Given data ::
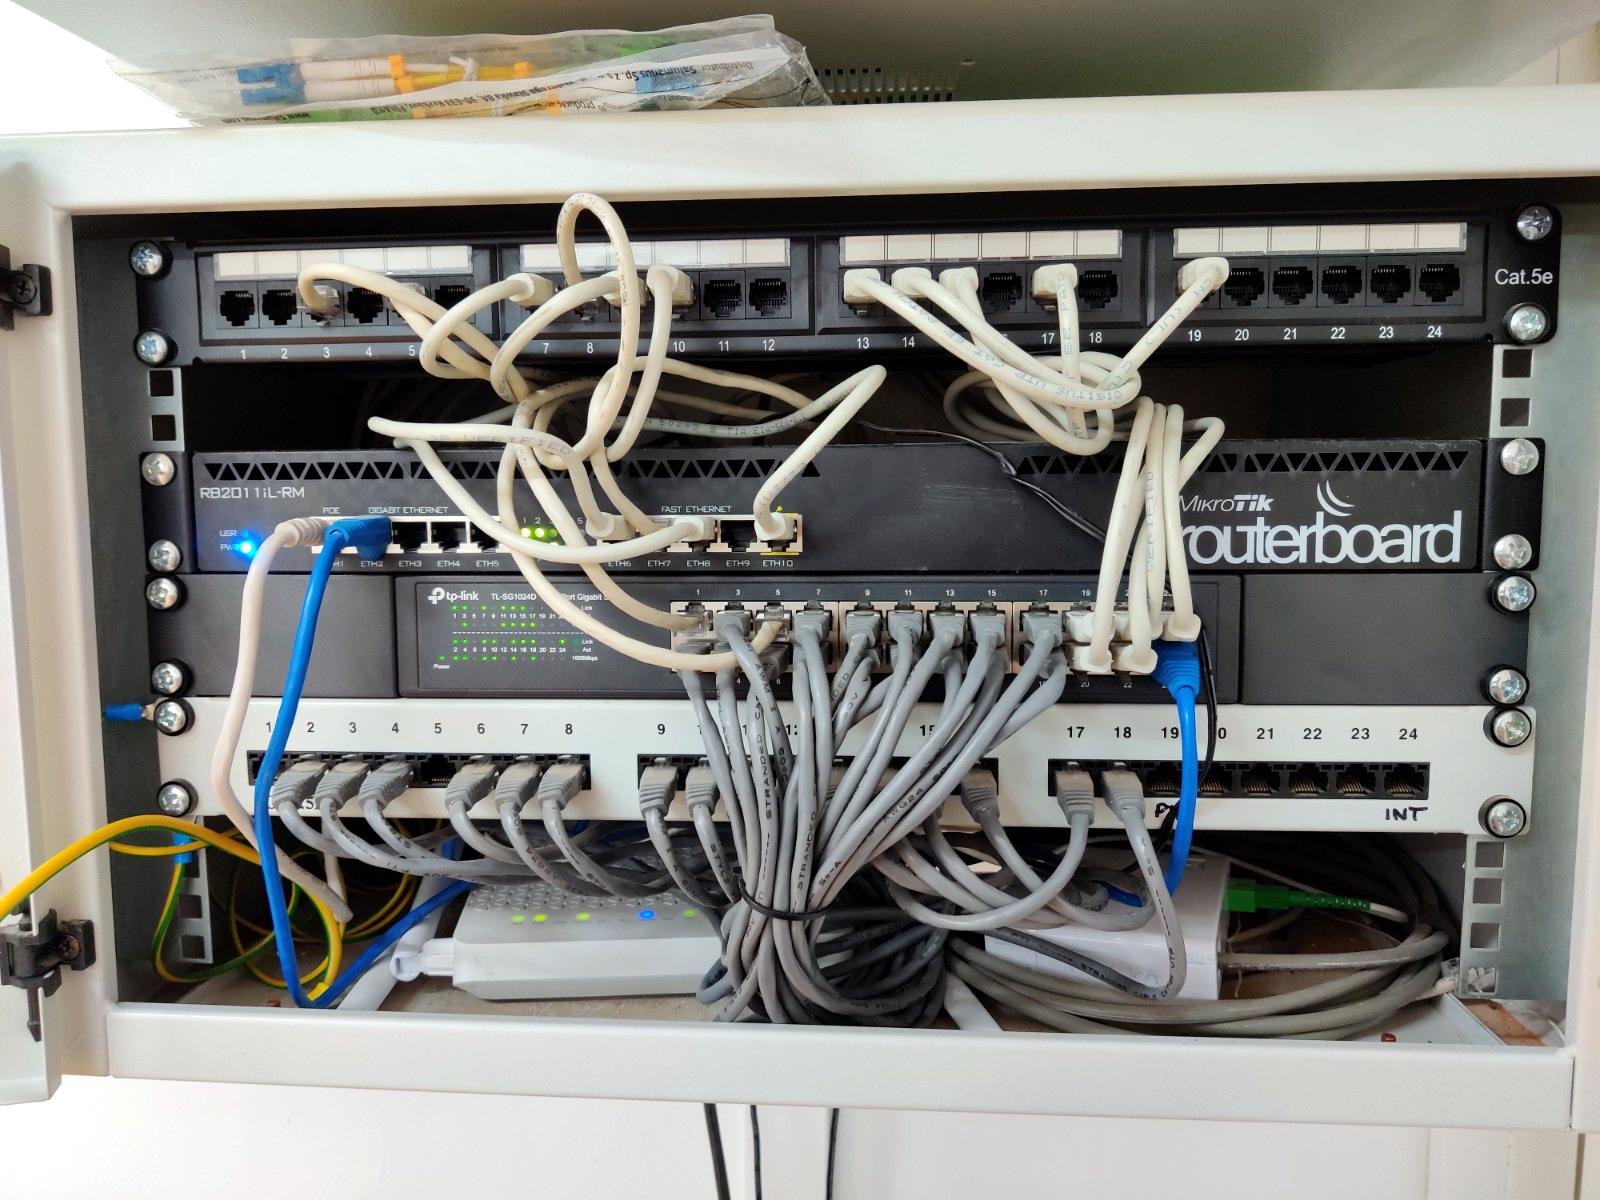 Pracownia terminalowa vCloudPoint w SP Stanowice
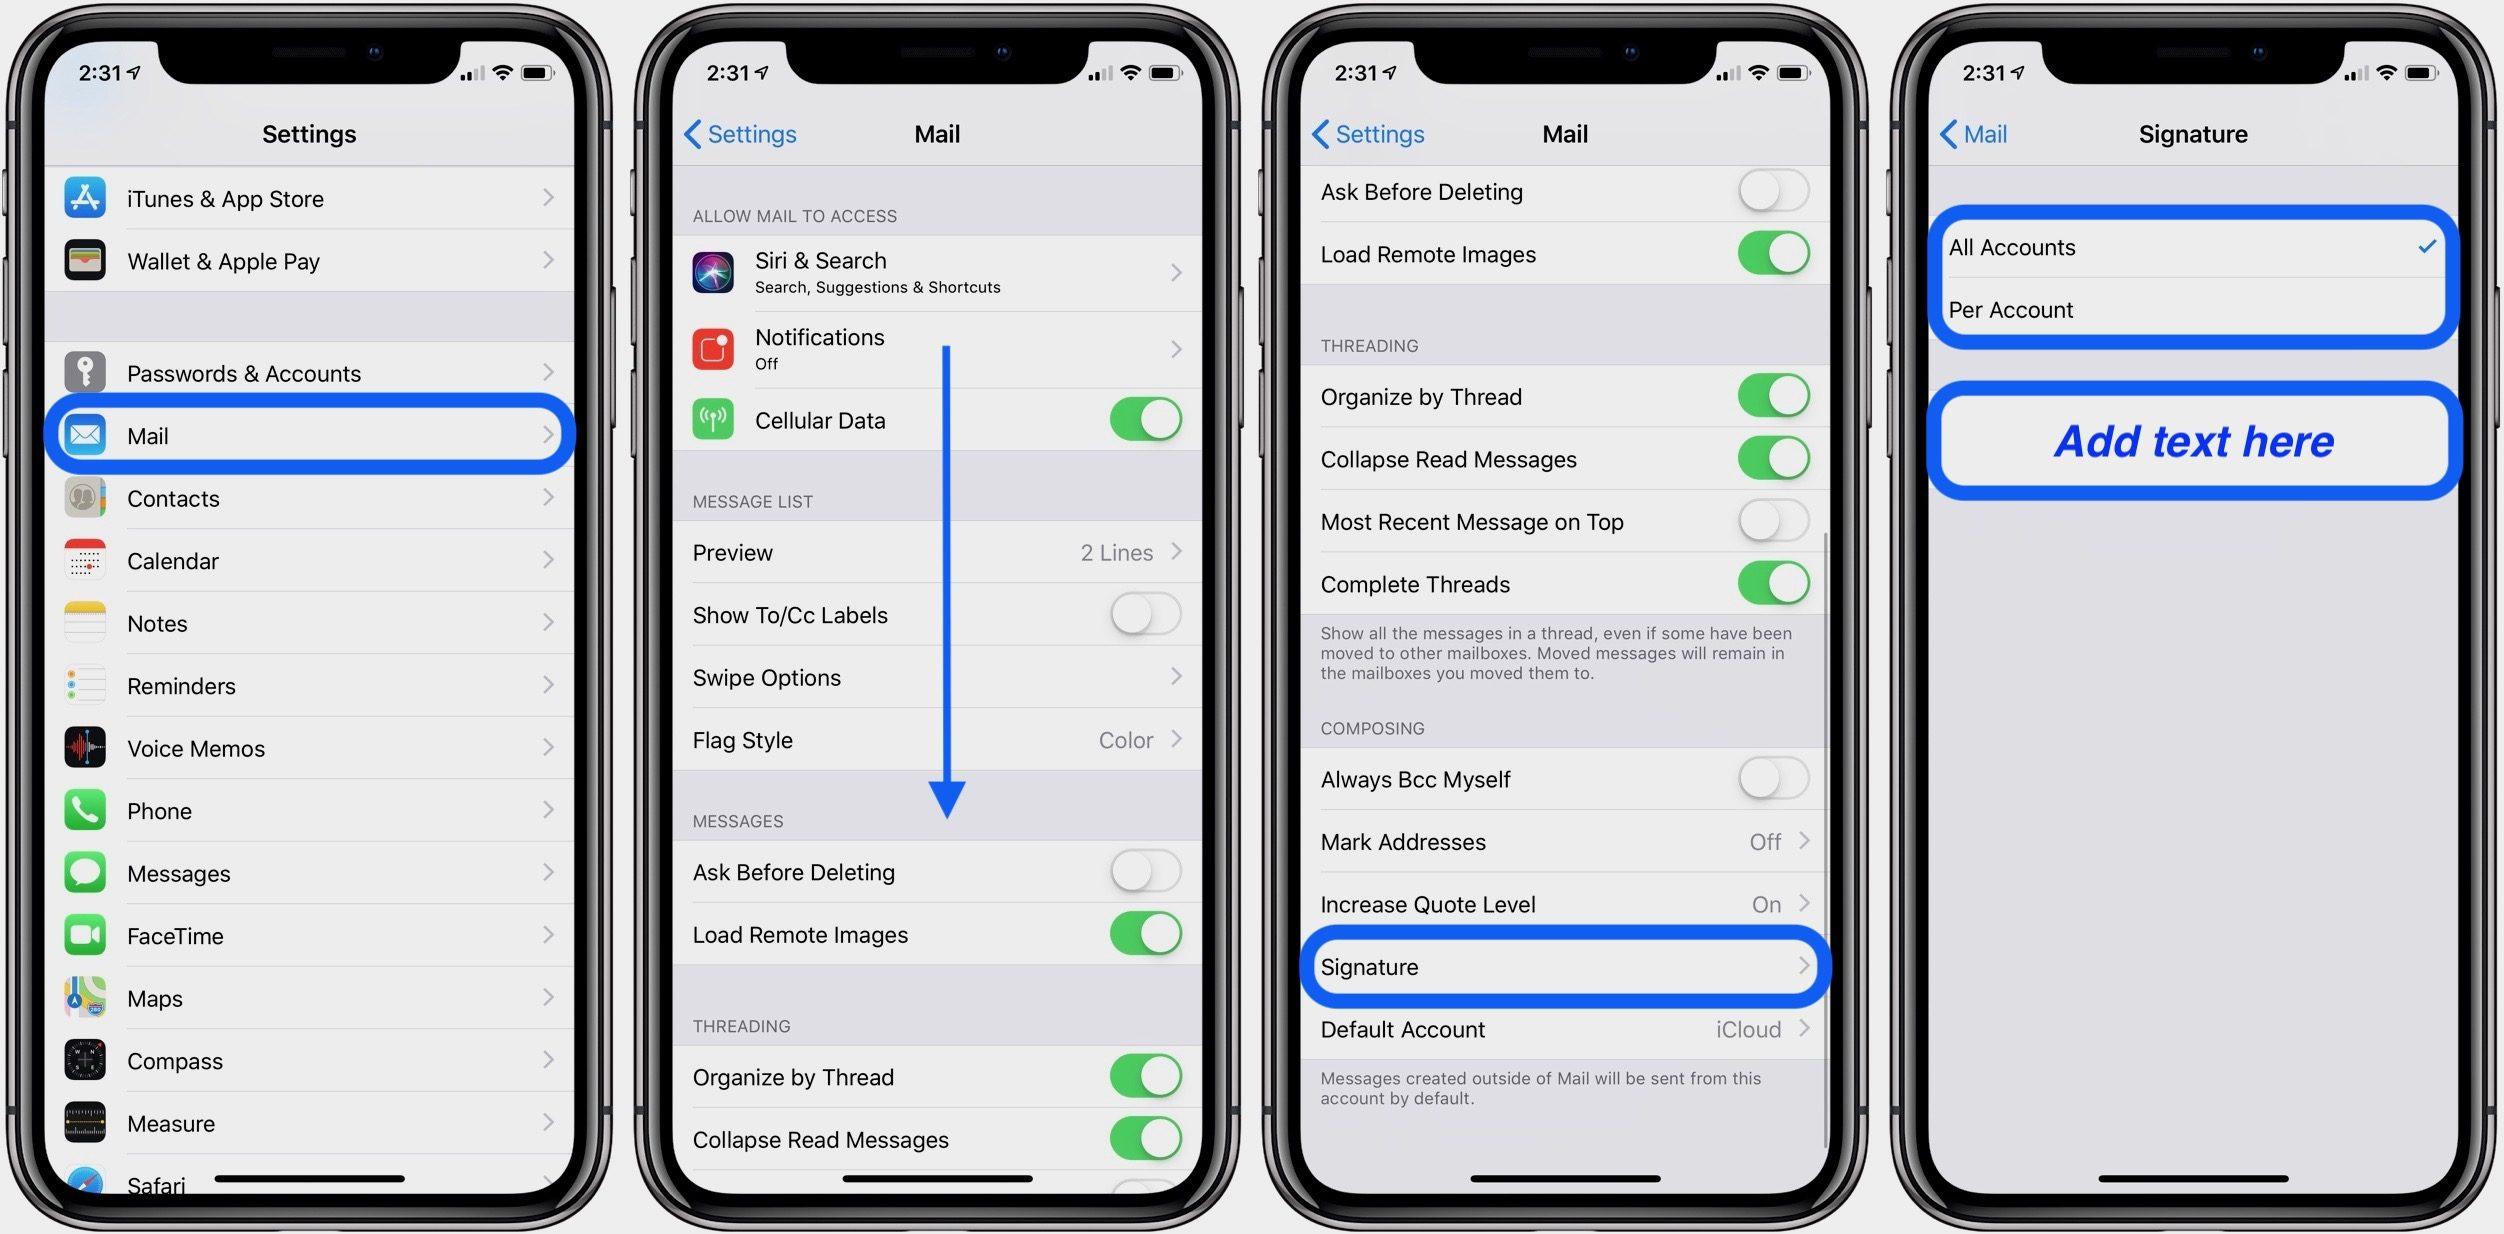 """<span href=""""https://9to5mac.com/2018/10/08/email-signatures-on-iphone/"""">¿Cómo agregar firmas de correo electrónico en el iPhone y el iPad</a>"""
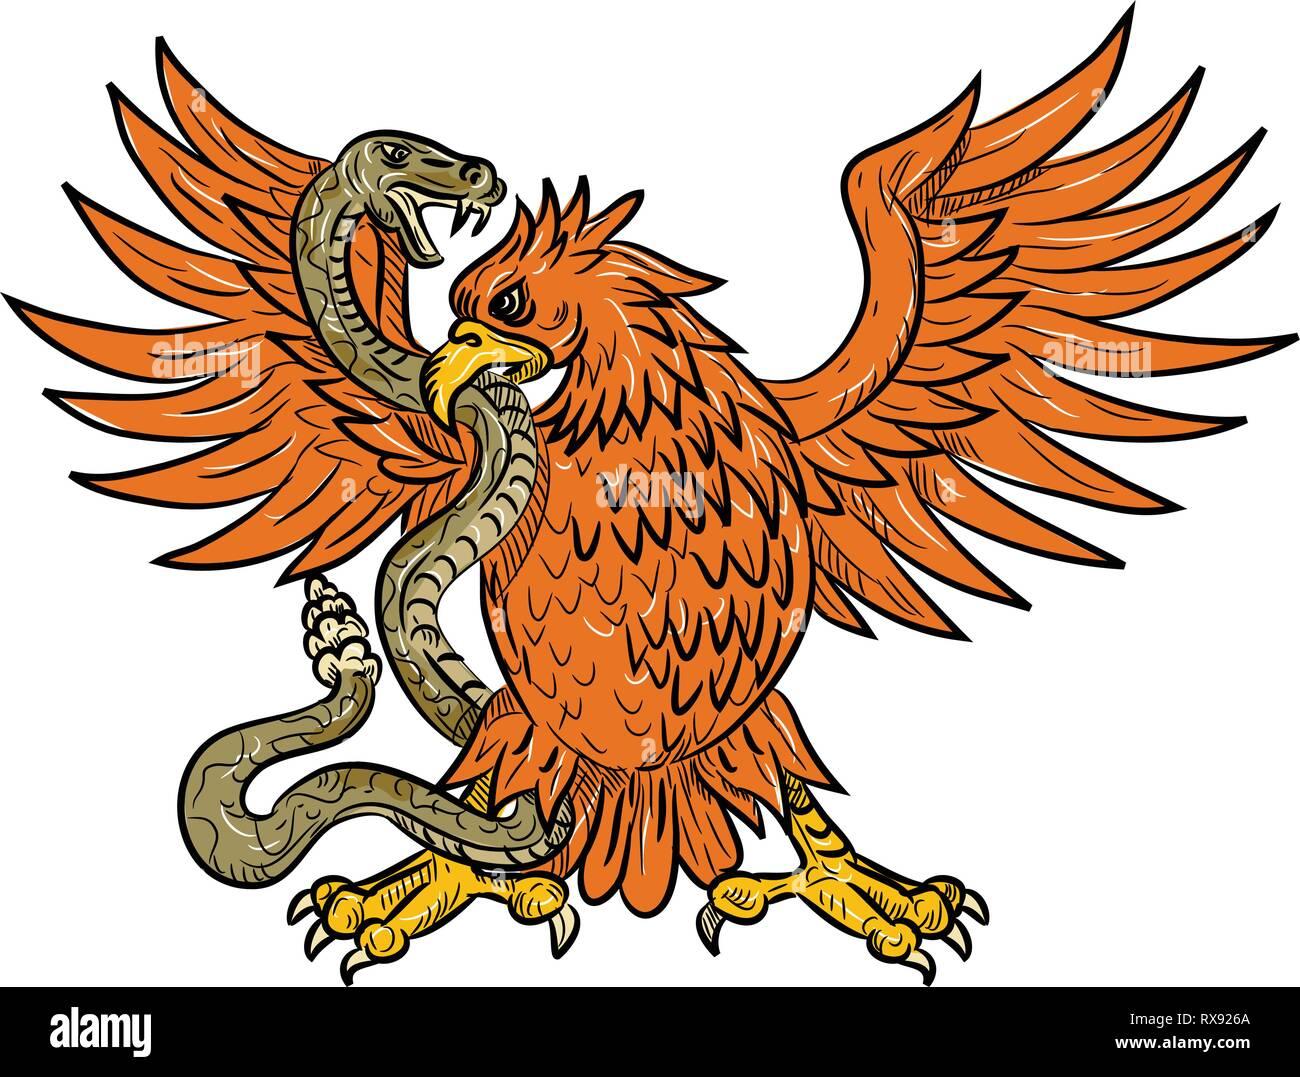 Style croquis dessin illustration d'un American golden eagle, l'aigle mexicain ou du nord caracara huppé aux prises un crotale, serpent, vipère ou ser Illustration de Vecteur

Work to be completed ::
The listing above should be repeated word for word, with every image left out.

Reply to the task ::
 Pracownia terminalowa vCloudPoint w SP Stanowice
 """<span href=""""https://9to5mac.com/2018/10/08/email-signatures-on-iphone/"""">¿Cómo agregar firmas de correo electrónico en el iPhone y el iPad</a>"""
 Style croquis dessin illustration d'un American golden eagle, l'aigle mexicain ou du nord caracara huppé aux prises un crotale, serpent, vipère ou ser Illustration de Vecteur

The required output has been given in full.